The industries may obtain a rebate as to the extent of 25% if they set up treatment plant of sewage or trade effluent. The Air Act has been designed to prevent, control and abatement of air pollution. The major sources of air pollution are industries, automobiles, domestic fires, etc. The air pollution adversely affects heart and lung and reacts with hemoglobin in the blood. According to Roggar Mustress, the American Scientist, air pollution causes mental tension which leads to increase in crimes in the society.

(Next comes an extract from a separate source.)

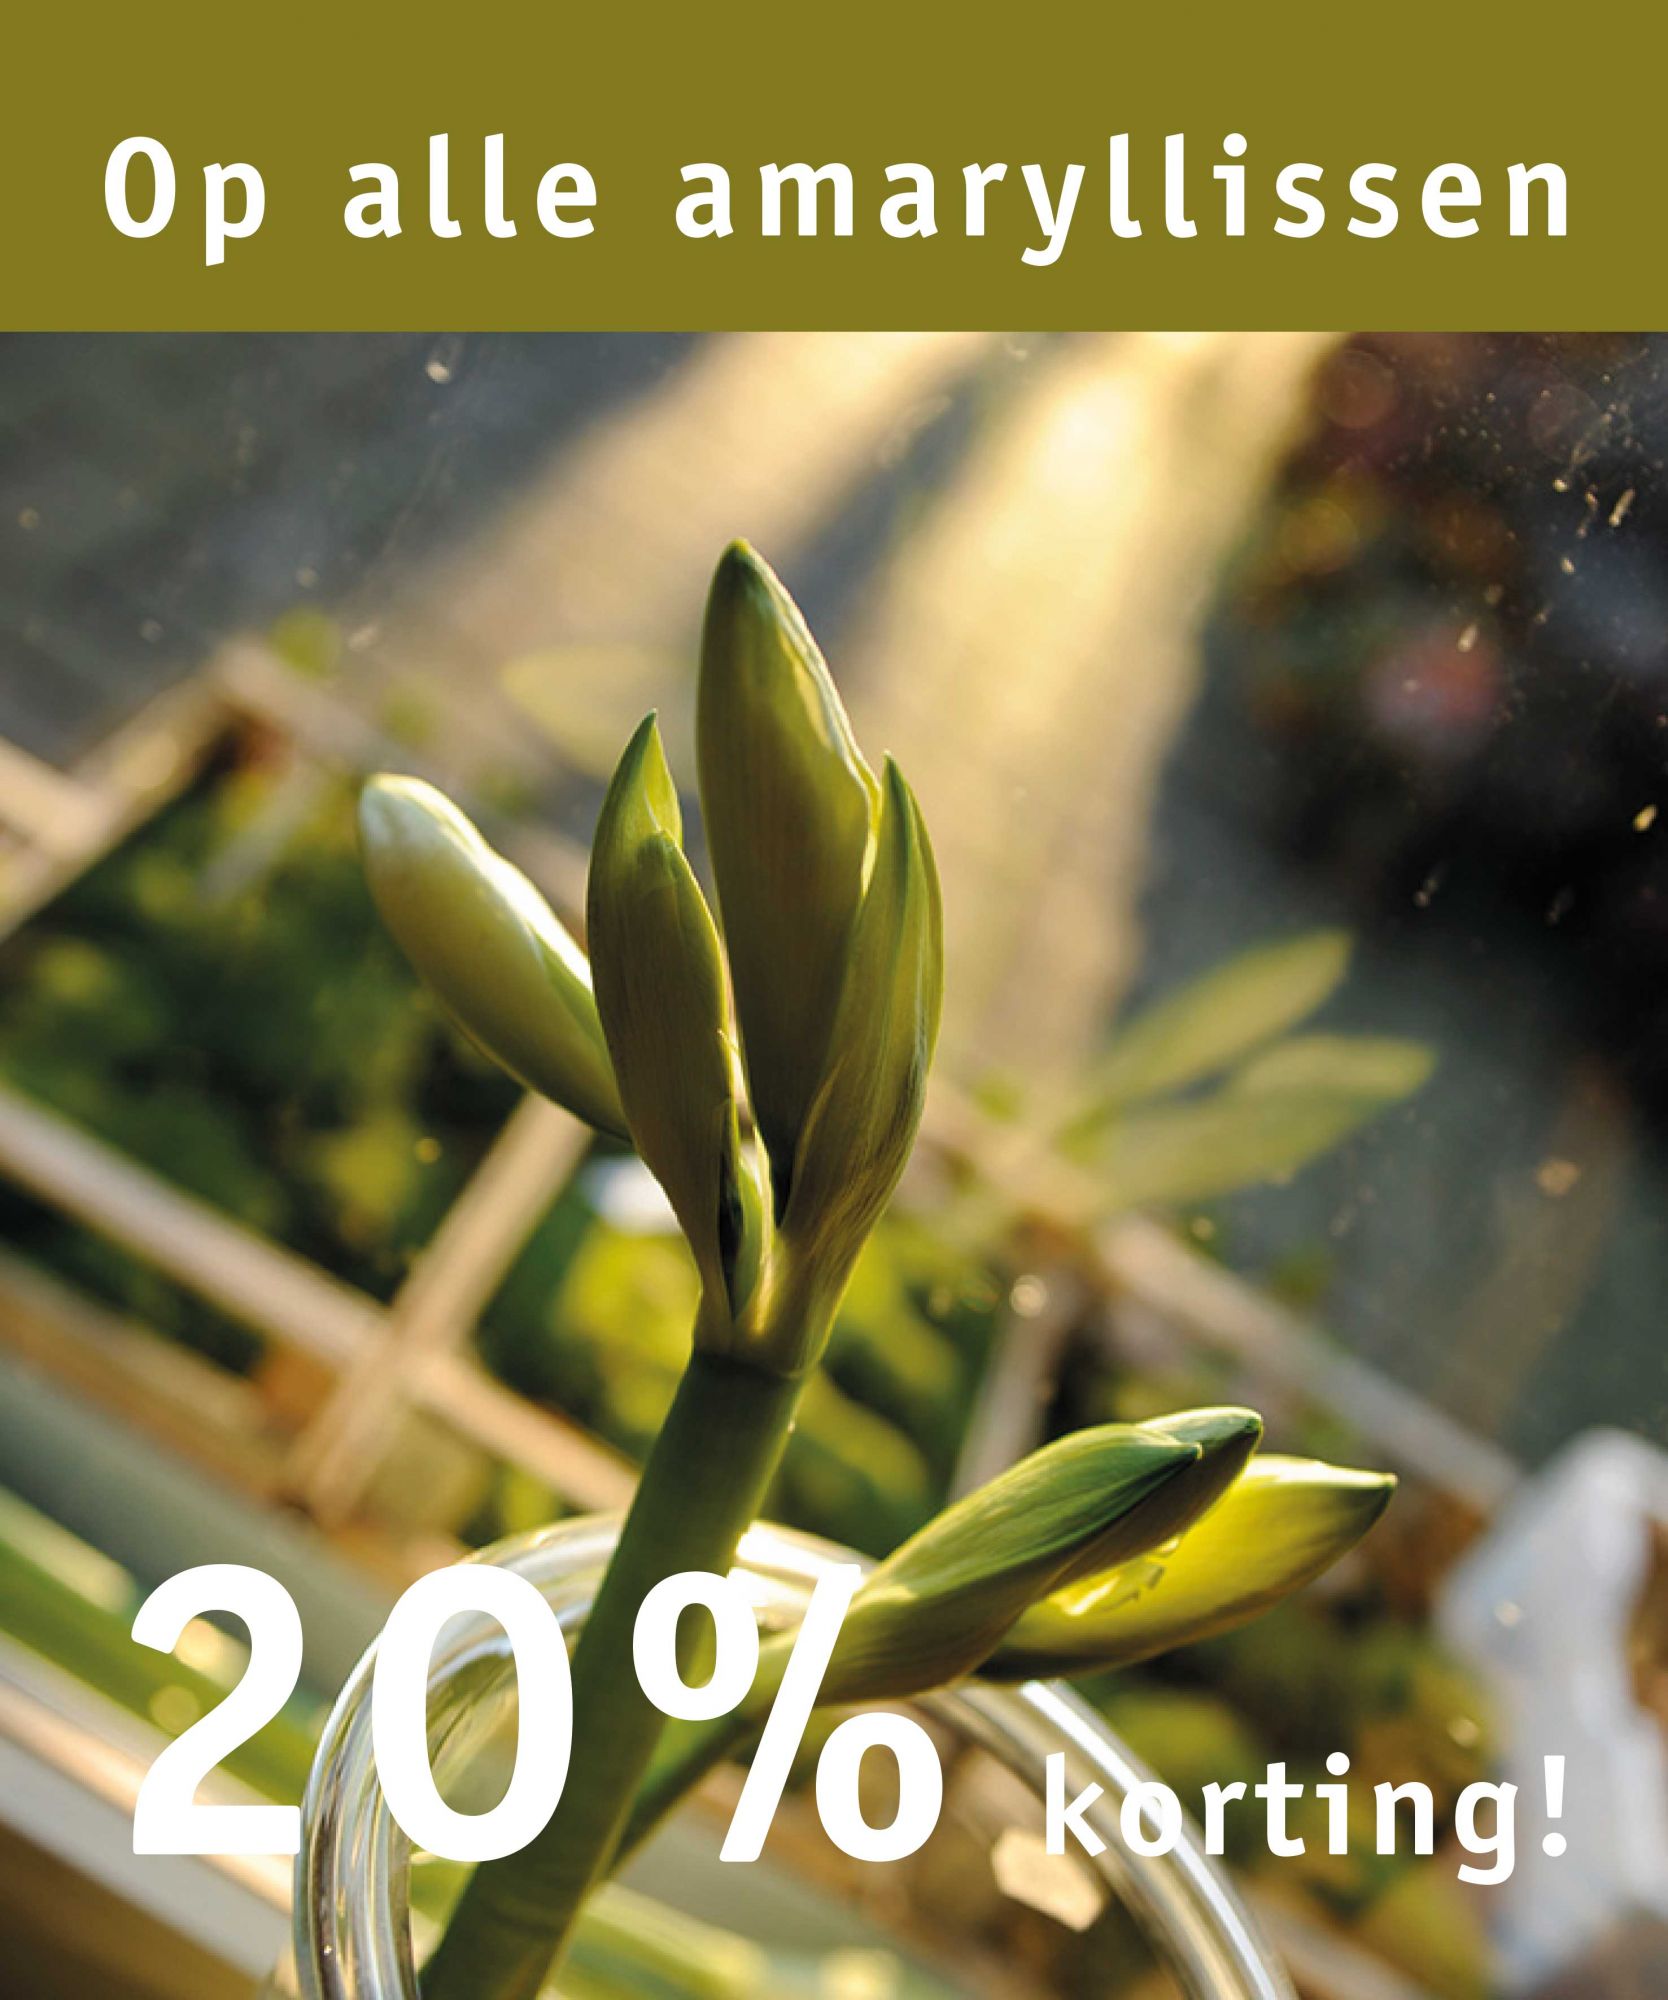 20% korting op alle amaryllissen, zolang de voorraad strekt.
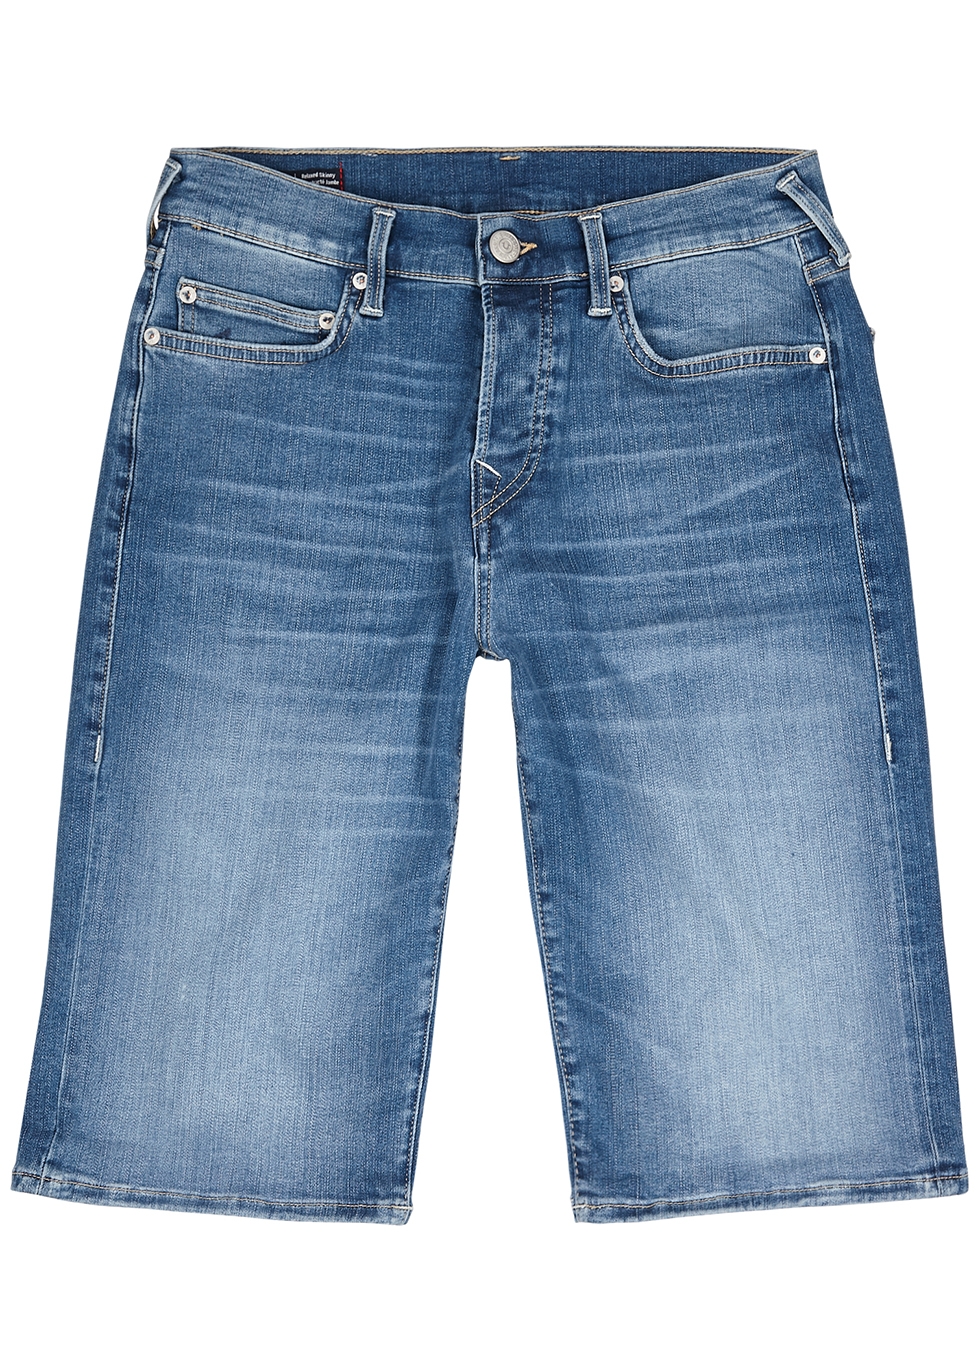 Rocco blue stretch-denim shorts

The Air Act defines an air pollutant as any ‘solid, liquid or gaseous substance including noise present in the atmosphere in such concentration as may be or tend to be injurious to human beings or other living creatures or plants or property or environment. ‘ The Act provides that no person shall without the previous consent of the State Board establish or operate any industrial plant in an air-pollution control area. The Central Pollution Control Board and the State Pollution Control Board constituted under the Water Act shall also perform the power and functions under the Air Act.
The main function of the Boards under the Air Act is to improve the quality of air and to prevent, control and abate air pollution in the country. The permission granted by the Board may be conditional one wherein stipulations are made in respect of raising of stack height and to provide various control equipments and monitoring equipments. It is expressly provided that persons carrying on industry shall not allow emission of air pollutant in excess of standards laid down by the Board. In Delhi, the public transport system including buses and taxies are operating on a single fuel CNG mode on the directions given by the Supreme Court.
Initially, there was a lot of resistance from bus and taxi operators. But now they themselves realise that the use of CNG is not only environment friendly but also economical. Noise has been taken as air pollutant within the meaning of Air Act. Sound becomes noise when it causes annoyance or irritates. There are many sources of noise pollution like factories, vehicles, reckless use of loudspeakers in marriages, religious ceremonies, religious places, etc. Use of crackers on festivals, winning of teams in the games, and other such occasions causes not only noise pollution but also air pollution.
The Air Act prevents and controls both these pollutions. The Environment (Protection) Act, 1986 was enacted to provide for the protection and improvement of the quality of environment and preventing, controlling and abating environmental pollution. The Act came into existence as a direct consequence of the Bhopal Gas Tragedy. The term ‘environment’ has been defined to include water, air and land, and the inter-relationship which exists among and between water, air and land and human beings, other living creatures, plants, micro-organism and property.